Octopus Holdings Limited
- Company type: Joint venture
- Founded: Hong Kong, (2005)
- Headquarters: Hong Kong
- Key people: Sunny Cheung Yiu-tong, CEO
- Products: Octopus card
- Website: http://www.octopus.com.hk

= Octopus Holdings Limited =

Hong Kong holding company

Octopus Holdings Limited (八達通控股公司) is a holding company based in Hong Kong jointly owned by five major transport companies in the city. Its subsidiaries, which are all wholly owned, operate the various functions of the Octopus card in both its commercial and non-commercial usage. In 2006, the company gained international recognition by winning the Chairman's Award of the World Information Technology and Services Alliance's 2006 Global IT Excellence Award for the Octopus card system.

In January 2021, Bravo Transport, parent company of operators Citybus and New World First Bus, sold most of its stake in Octopus Holdings Limited to MTR Corporation, and the small remainder to another company.

==Company restructure==
Prompted by the business expansion of the Octopus card, Octopus Holdings Limited was formed in 2005 after a company restructure of Octopus card operator Octopus Cards Limited. The Octopus card is used by card holders as an electronic payment system, and as such, the Octopus card system is considered a commercial business and is regulated by the Hong Kong Monetary Authority. The non-commercial businesses of the company, such as the consumer rewards program, consumer market research, and investment holdings, on the other hand, are not subjected to such regulations. The company restructure placed Octopus Cards Limited as a subsidiary of Octopus Holdings Limited, while the non-payment businesses of the company were placed under other subsidiaries, such that its payment businesses are independent of its non-payment businesses. Additionally, Octopus Holdings Limited has also expanded the use of the Octopus card system internationally, operating its businesses outside Hong Kong under a subsidiary.

==Subsidiaries==
There are five wholly owned subsidiaries of Octopus Holdings Limited.
- Octopus Cards Limited operates the Octopus card in Hong Kong as an electronic payment system.
- Octopus Rewards Limited operates and develops Octopus Rewards, a consumer rewards programme for Octopus card customers.
- Octopus International Projects Limited provides international consultancy services for automatic fare collection systems.
- Octopus Investments Limited is an investment holding company.
- Octopus China Investments Limited is an investment holding company for China-related projects.

==Shareholding==
As of 2007, Octopus Holdings Limited is a joint-venture business owned by five transport companies in Hong Kong; 57.4% by the MTR Corporation, 22.1% by the Kowloon-Canton Railway Corporation, 12.4% by Kowloon Motor Bus, 5% by Citybus, and 3.1% by New World First Bus. Since the Government of Hong Kong owns 76.8% of the MTR Corporation (as of 31 December 2009) and wholly owns the Kowloon-Canton Railway Corporation, it is the biggest effective shareholder of Octopus Holdings Limited.
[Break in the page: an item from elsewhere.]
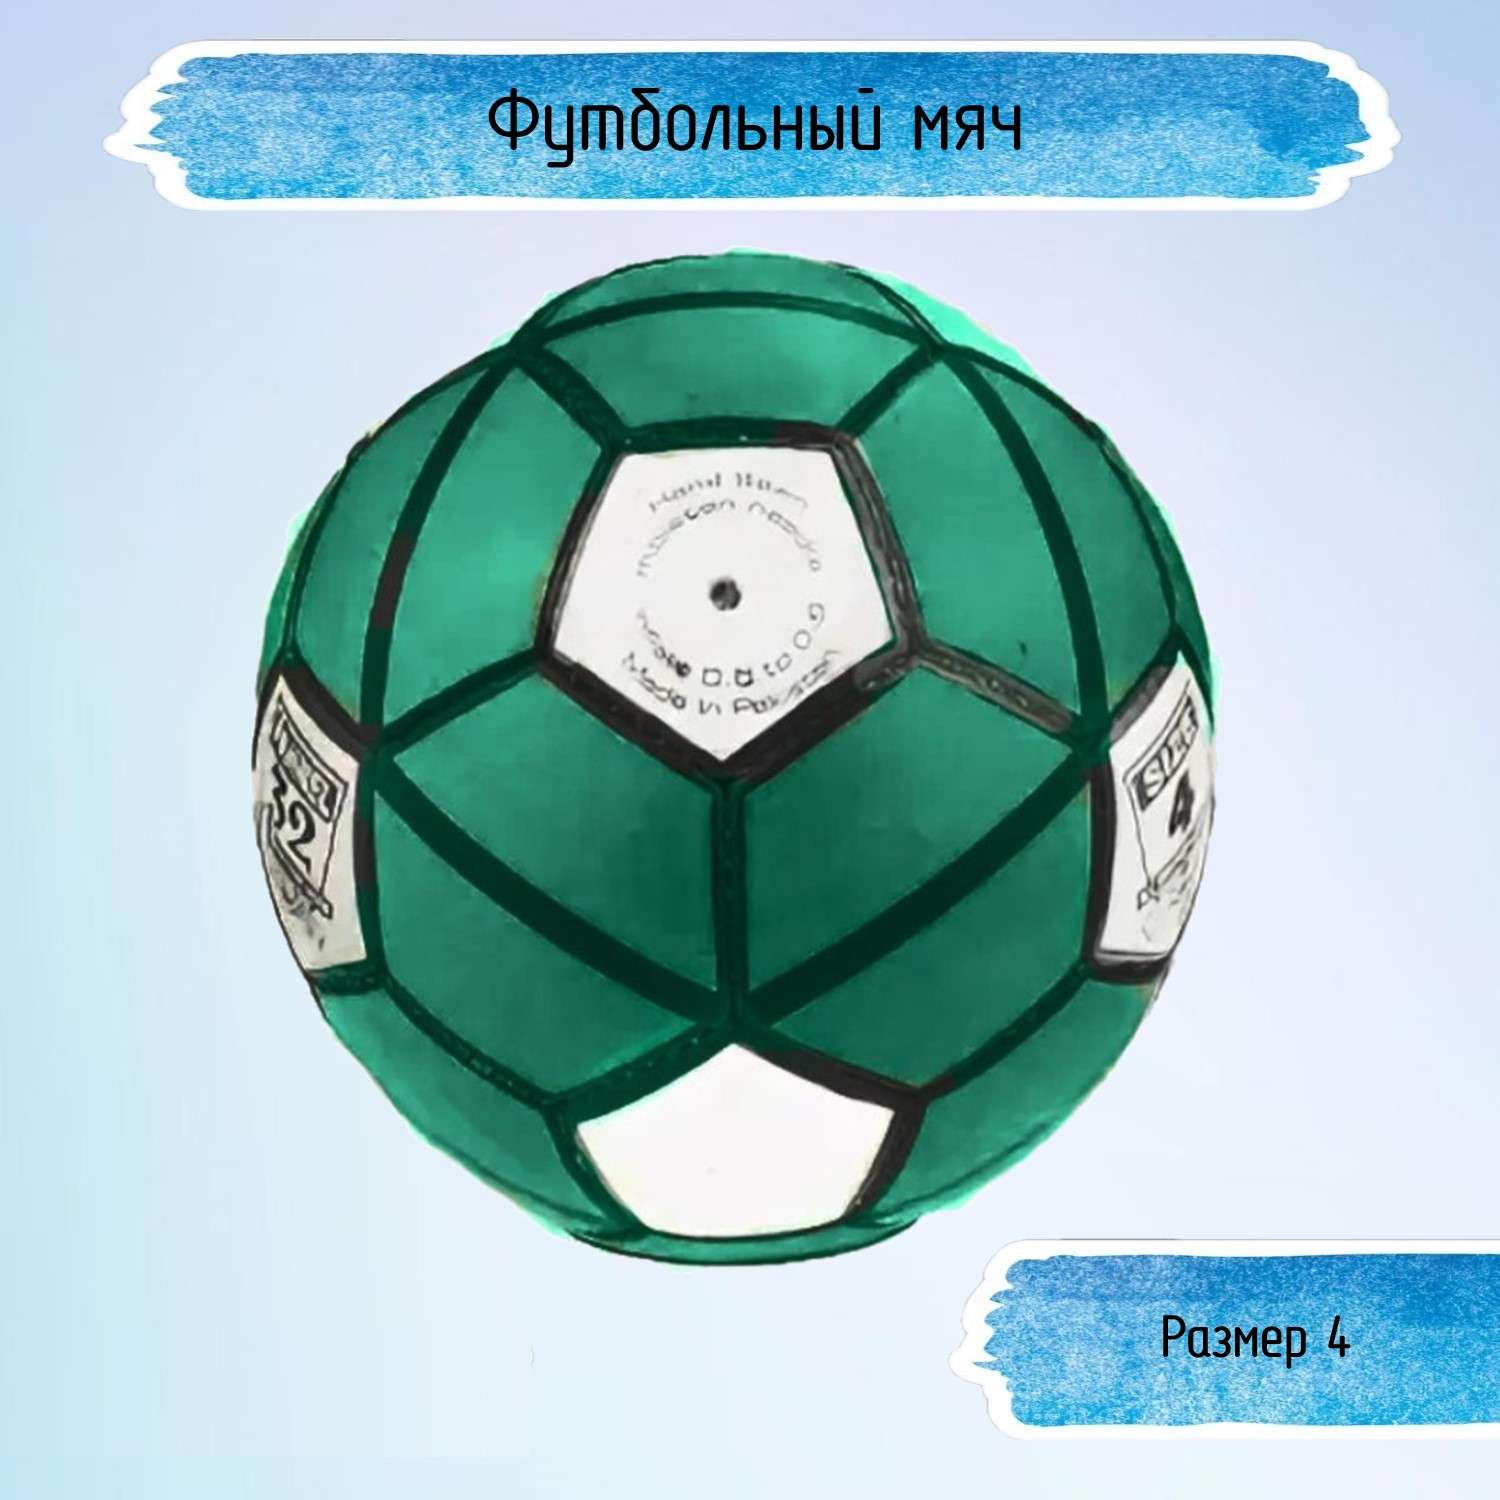 Футбольный мяч Uniglodis 32 панели размер 4 зеленый - фото 1

==Personal data controversy==

Chief executive Prudence Chan was under pressure to resign for having made inconsistent disclosures about the sale of personal data by one or more Octopus subsidiaries. Before a Legislative Council's finance affairs panel meeting, legislators from all parties accused her of attempting to mislead the public, thus precipitating a crisis of confidence in the company, and putting the company into disrepute.